Династические браки, помимо укрепления связей между семьями, способствовали также и культурному обмену. Например, К. Раффешпергер приводит слова немецкого ученого Карла Шмидта, который утверждает, что около 1000 г. королевства Европы стали переходить к патрилинейной системе. Однако в Дании это произошло в конце XII в., а в Венгрии – на 150 лет раньше при схожих обстоятельствах. При этом отмечается, что русские женщины были частью этого процесса в обеих странах и как жены, и как матери королей и их наследни-ков284. Другим примером может служить влияние первой жены Владимира Мономаха – дочери последнего англосаксонского короля Гарольда Годвинсона Гиды – на мужа, что подтверждается его «Поучением». Такого рода послание было новинкой для Руси, но широко распространенным явлением в англосаксонской традиции, и целью его было передать своим детям знания, как править и как быть хорошими христианами285. Также влияние русских княжон ощущается в выборе имен для своих детей – наследников престолов европейских стран. Так, под влиянием Анны Ярославны во французский именослов прочно вошло до этого мало употребляемое имя Филипп. Точно так же сын датского короля Кнуда Лаварда и дочери князя Мстислава Владимировича Ингеборги получил имя Вальдемар. Сыновья же венгерского короля Андраша и Анастасии Ярославны получили нетипичные для Венгрии имена Шаломон и Давид286. Примером обратного влияния может служить уже упомянутый Мстислав Владимирович, который в европейских источниках именуется Харальдом, в честь своего деда Гарольда Годвинсона287.

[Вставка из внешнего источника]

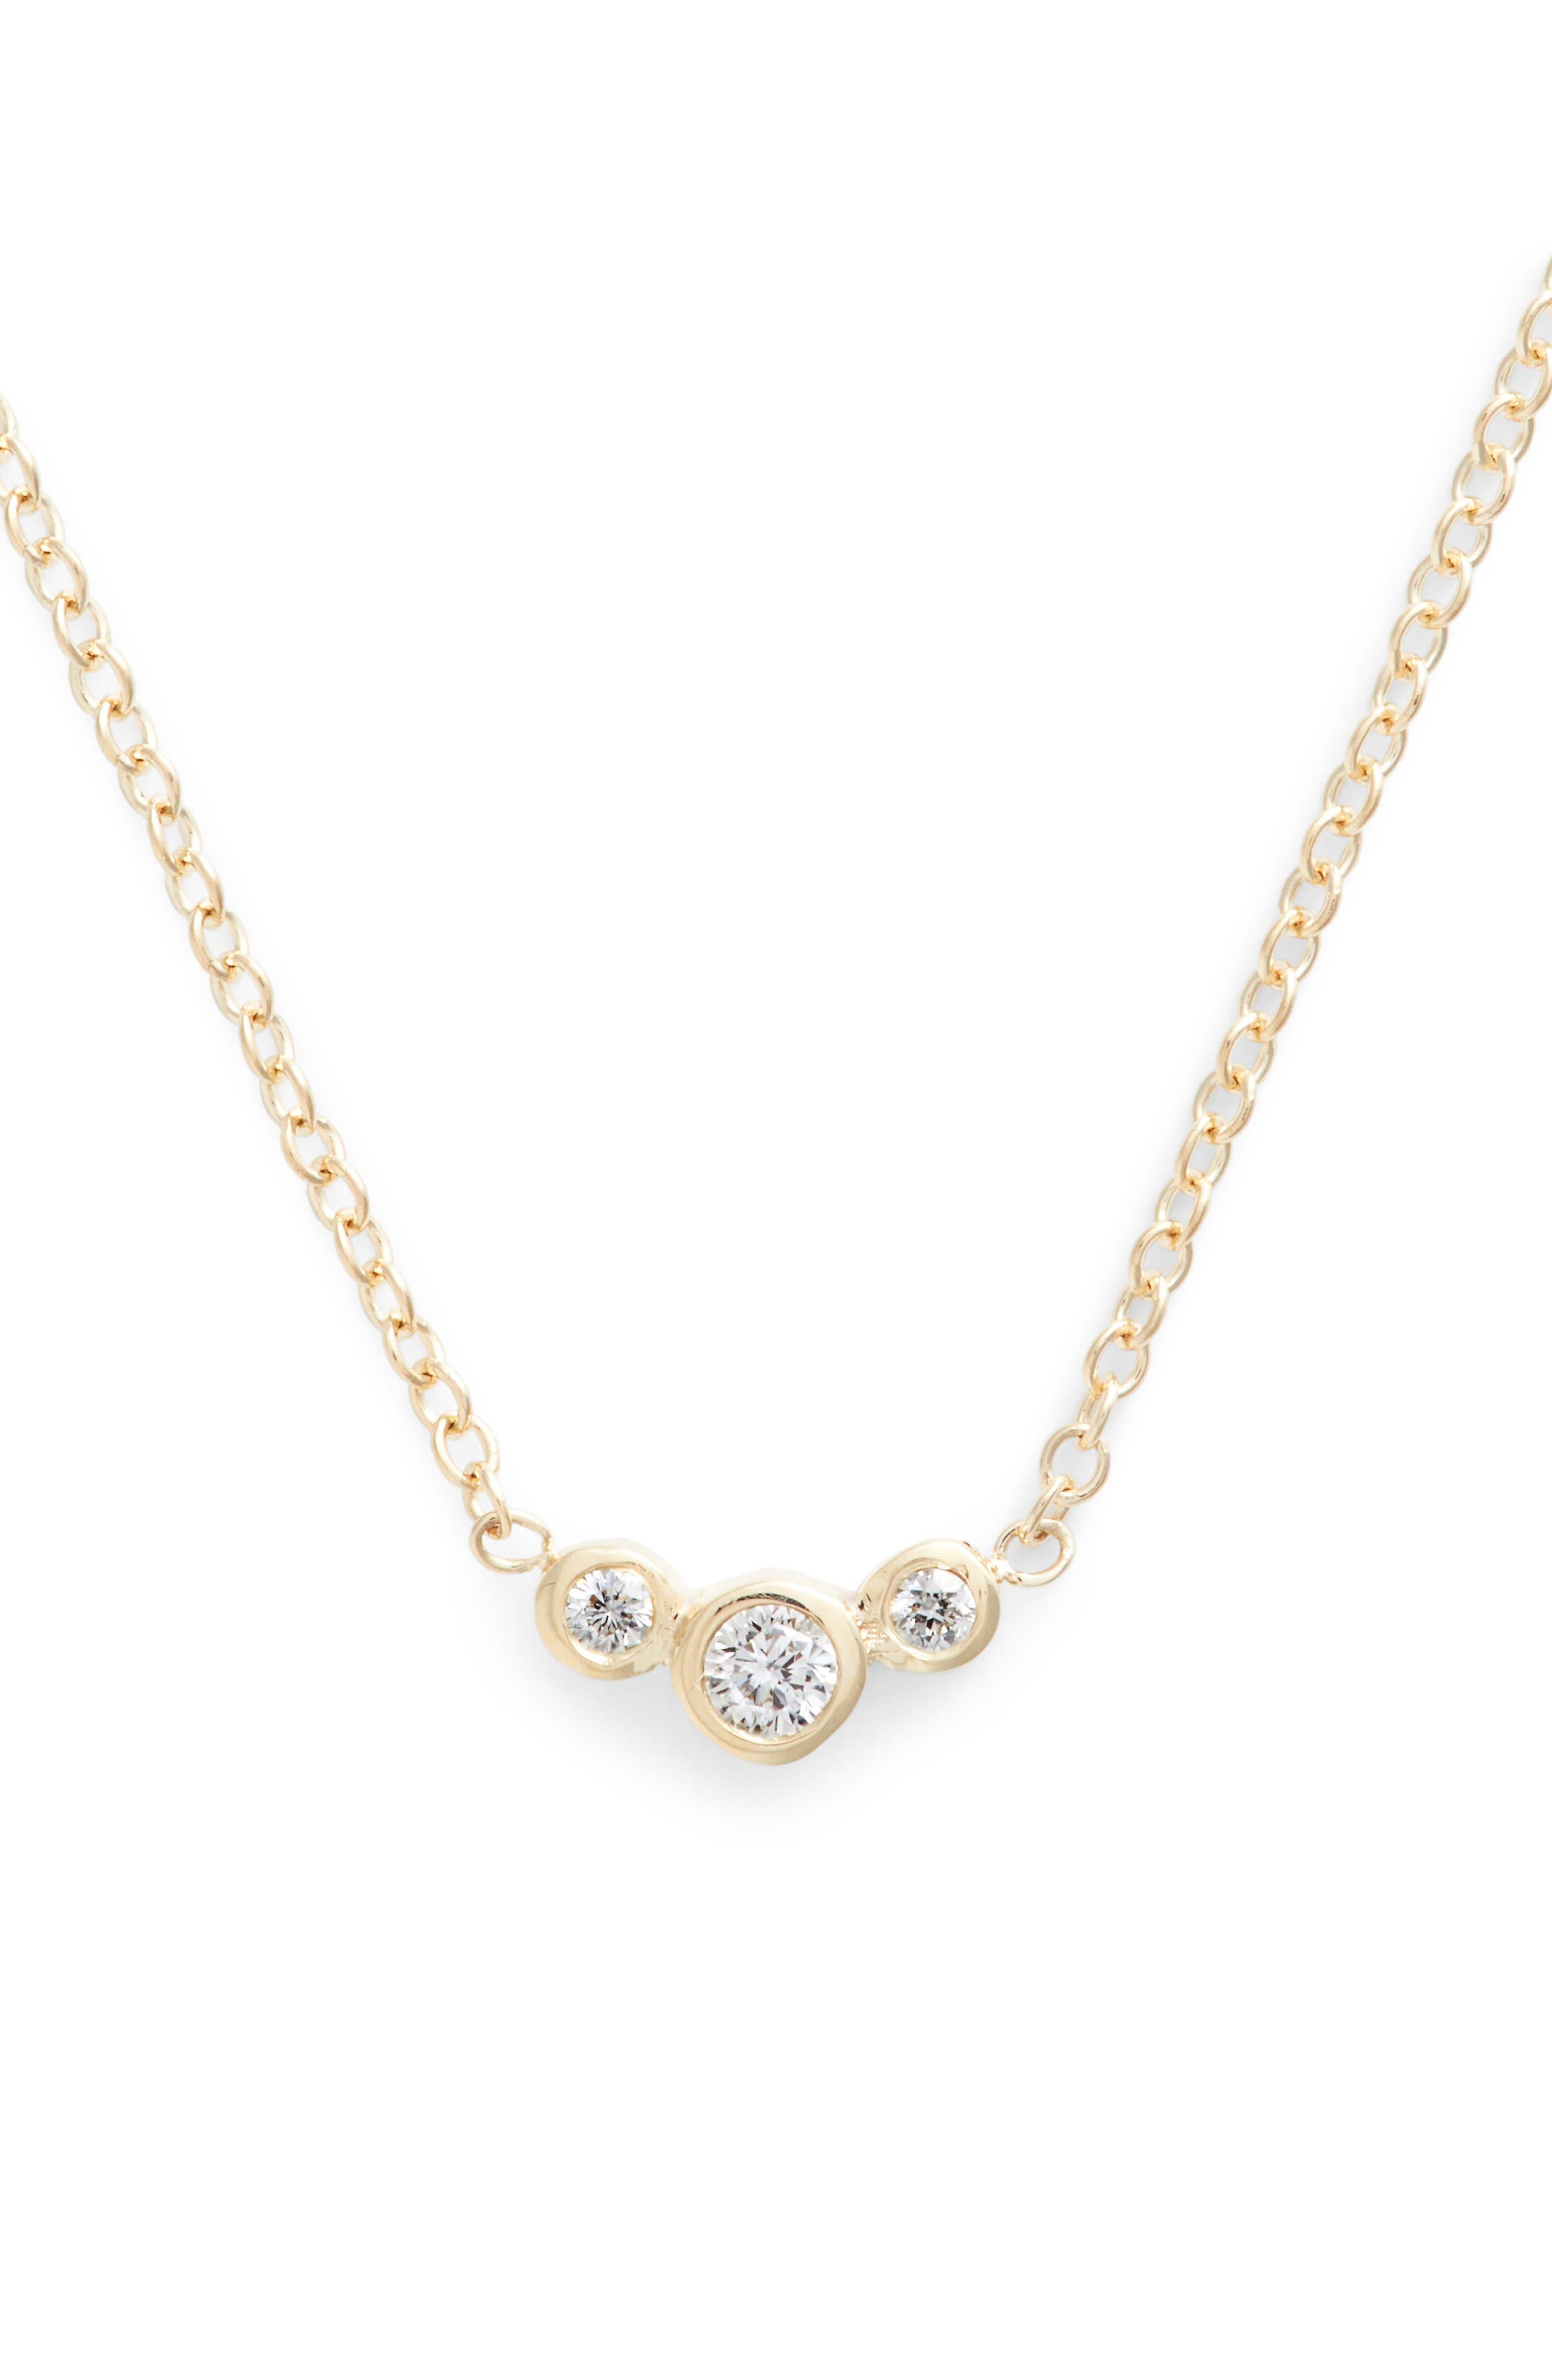 Zoë Chicco Curved 3-Diamond Bezel Pendant Necklace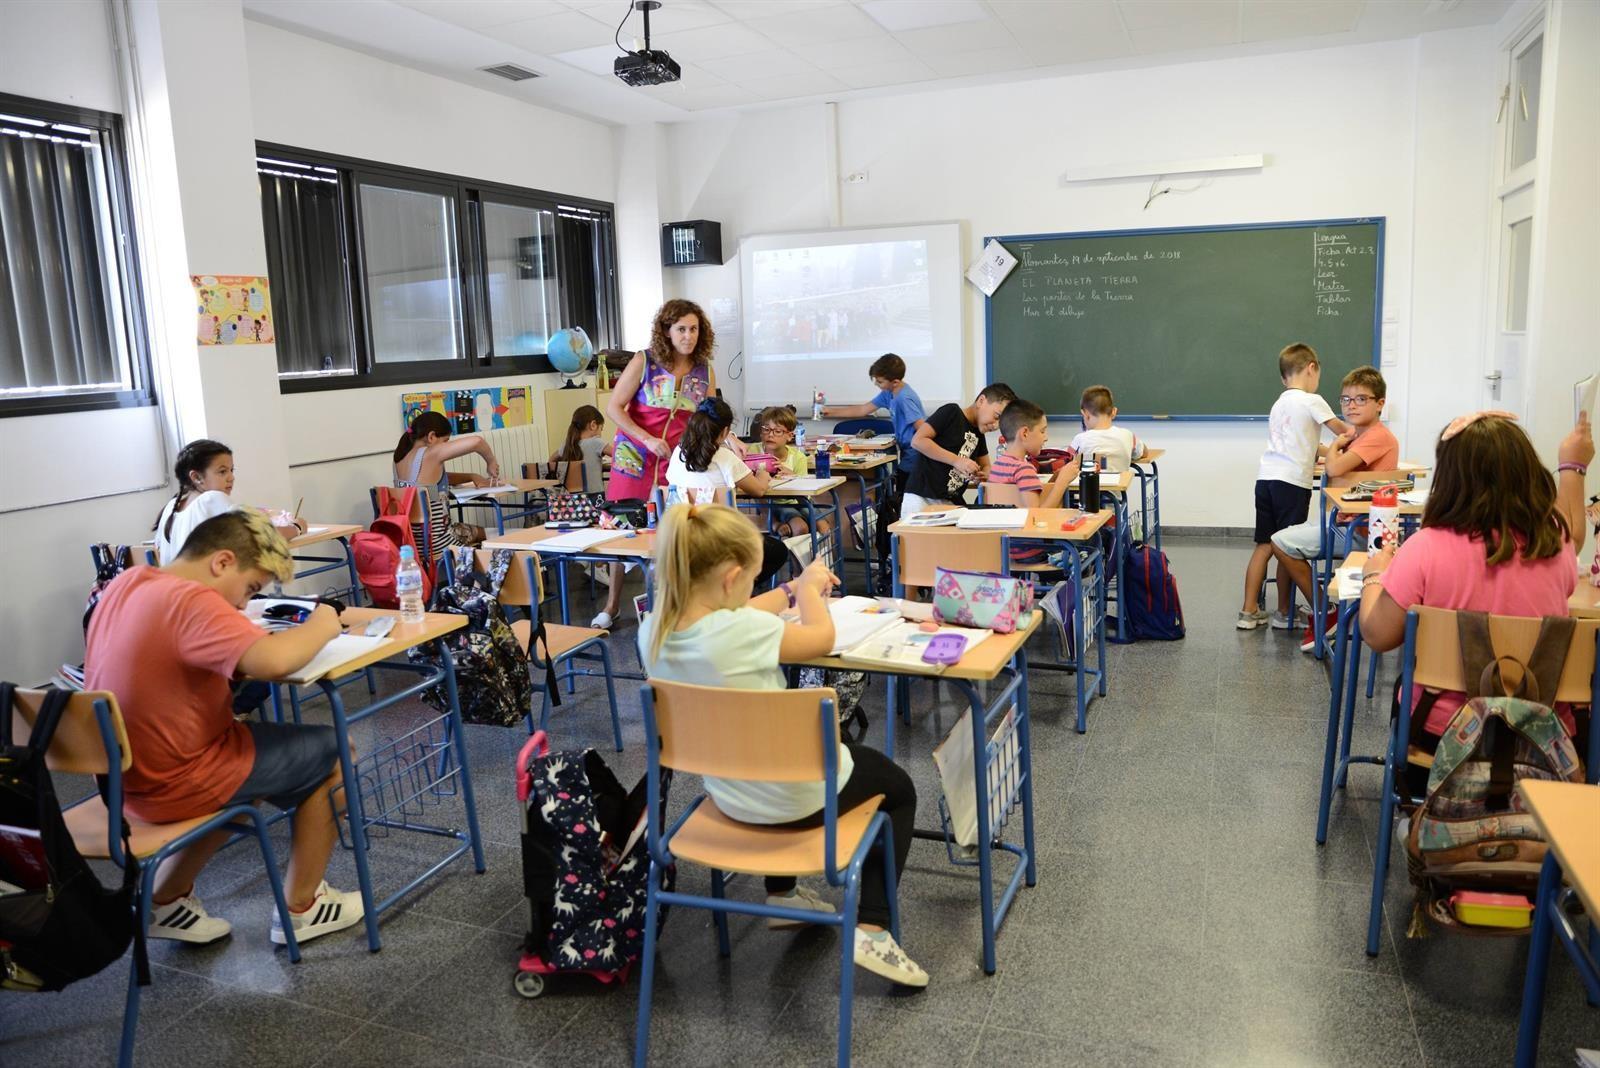 CCOO denuncia retrasos del INSS en la resolución de los expedientes de baja del profesorado afectando a sus salarios

Сближению Руси и Западной Европы способствовало и то, что князь, по мнению исследователя, стоял вровень с европейскими королями, не случайно в европейских хрониках русские князья обозначены как rex288. Кроме того, К. Раффенспергер отмечает, что князь на Руси выполнял те же функции, что и раннесредневековые европейские короли: он был полководцем, возглавляя дружину, законодателем и основным получателем налогов и сборов289.

При этом, отмечает К. Раффенспергер, торговля и политика Древней Руси были тесно связаны. В подтверждение приведем здесь таблицу, которую историк дает в своей статье «Russian Economic and Marital Policy: An Initial Analysis of Correlation»290. Данная таблица показывает взаимосвязь между уровнем развития торговли и количеством династических браков между Русью и другими государствами и народами.

Таблица 1

Рассматривая результаты, полученные в таблице, автор указывает, что в случае Волжской Булгарии высокий уровень торговли не мог подкрепляться династическими браками из-за религиозных различий, так как булгары были мусульманами.